The NFL has the dreaded score, TV timeout, kickoff, TV timeout, play situation in which the only live action in about a six-minute stretch is the kickoff, which often is a touchback anyway.

And a college basketball game? There are nine media timeouts and up to 10 called team timeouts in regulation, and the last two minutes of game action regularly take 15-20 minutes of real time to play.

Soccer has none of these issues. The game is played, and it never stops for artificial timeouts.

As a result a 90-minute game is played in less than two hours. In football, a 60-minute game takes three. In college basketball, a 40-minute game takes more than two.

ESPN must be making money off the World Cup, no? Even without TV timeouts.

Perhaps there's something in there that could apply to the football and basketball games on TV?

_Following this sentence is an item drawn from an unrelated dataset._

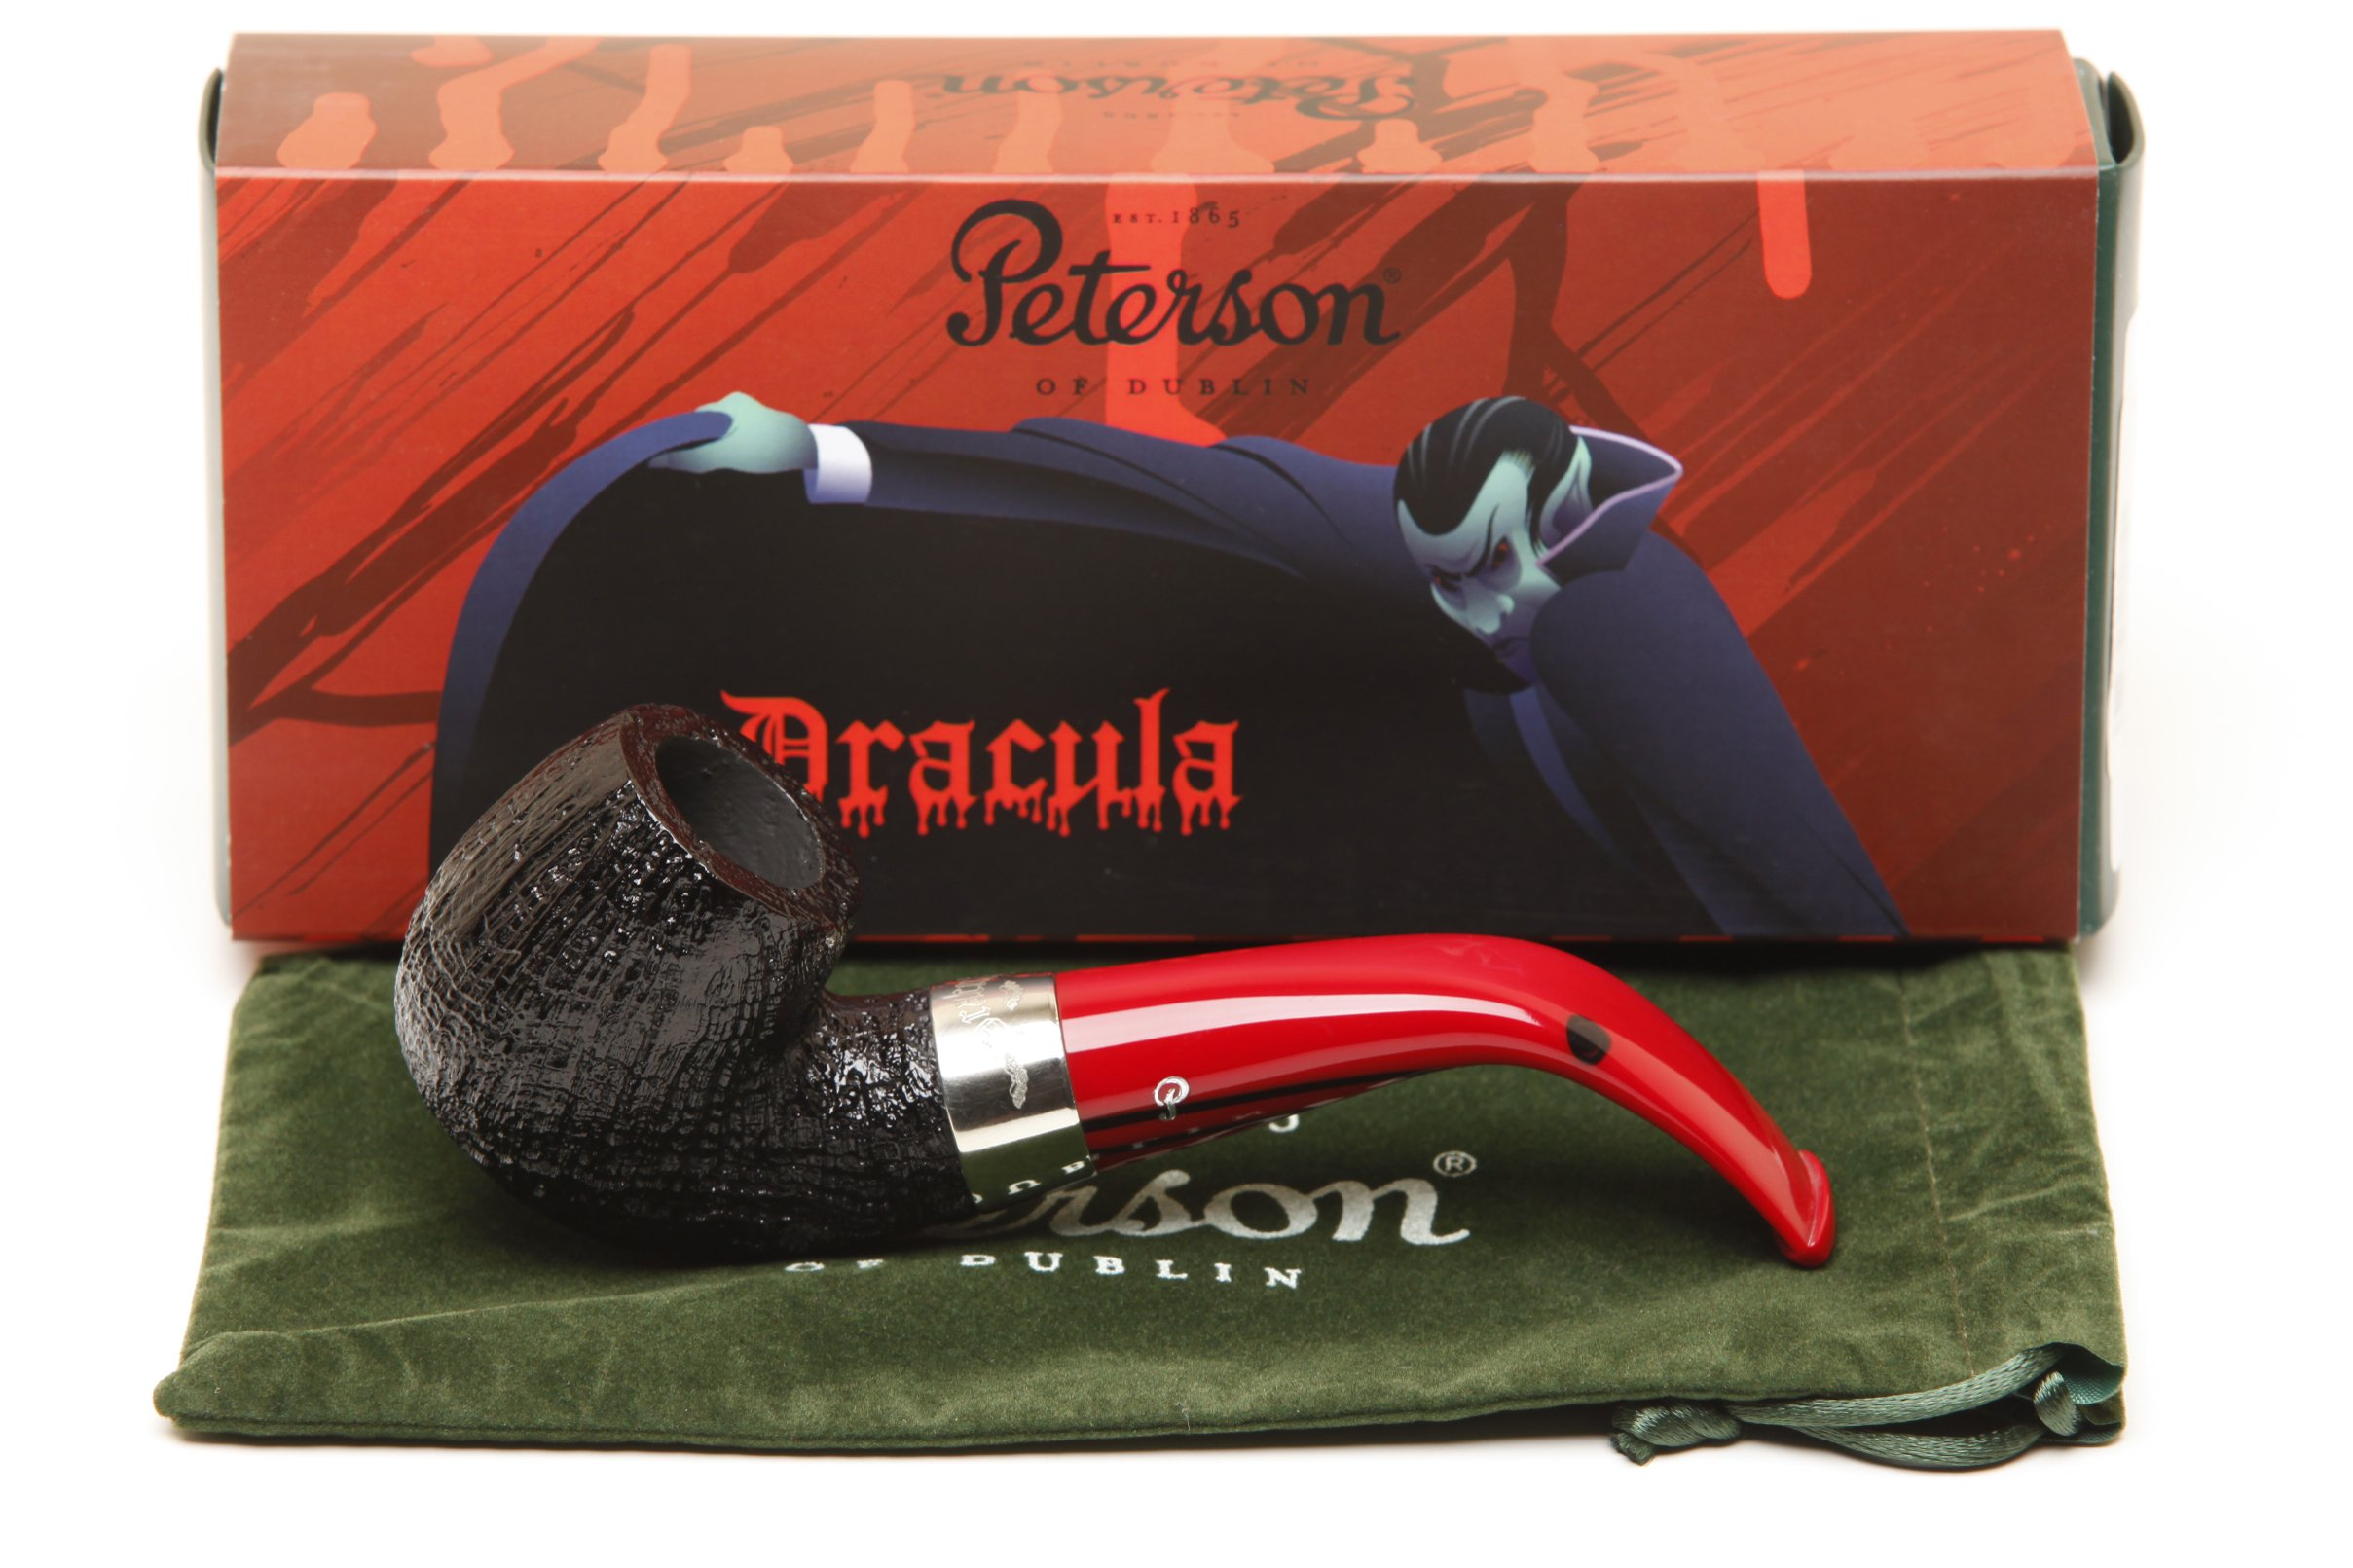 Peterson Dracula 221 Sandblast Fishtail Tobacco Pipe

Speaking of basketball and Princeton, the Tigers' men's team will play in the Wooden Legacy in California this coming November, which will be here before you know it, TigerBlog surmises.

Princeton will be traveling the furthest to get to the event, which will be held in Fullerton and then Anaheim. The other seven teams are Western Michigan, Xavier, San Jose State, Washington, UTEP, San Diego and Long Beach State. The matchups will be announced later this summer.

For its long history of great basketball, Princeton has only played in Los Angeles once before. That was back in 1970, when Princeton played in the Bruin Classic.

The Tigers defeated Indiana in the first game and then lost 76-75 to UCLA - who would win the NCAA title again - in the final. Princeton lost on a buzzer-beater by, as TB recalls, Sidney Wicks.

Pete Carril was the Tiger coach back then. The win over Indiana was his 43rd at Princeton. The win over UCLA in the 1996 NCAA tournament would be his 514th and final one.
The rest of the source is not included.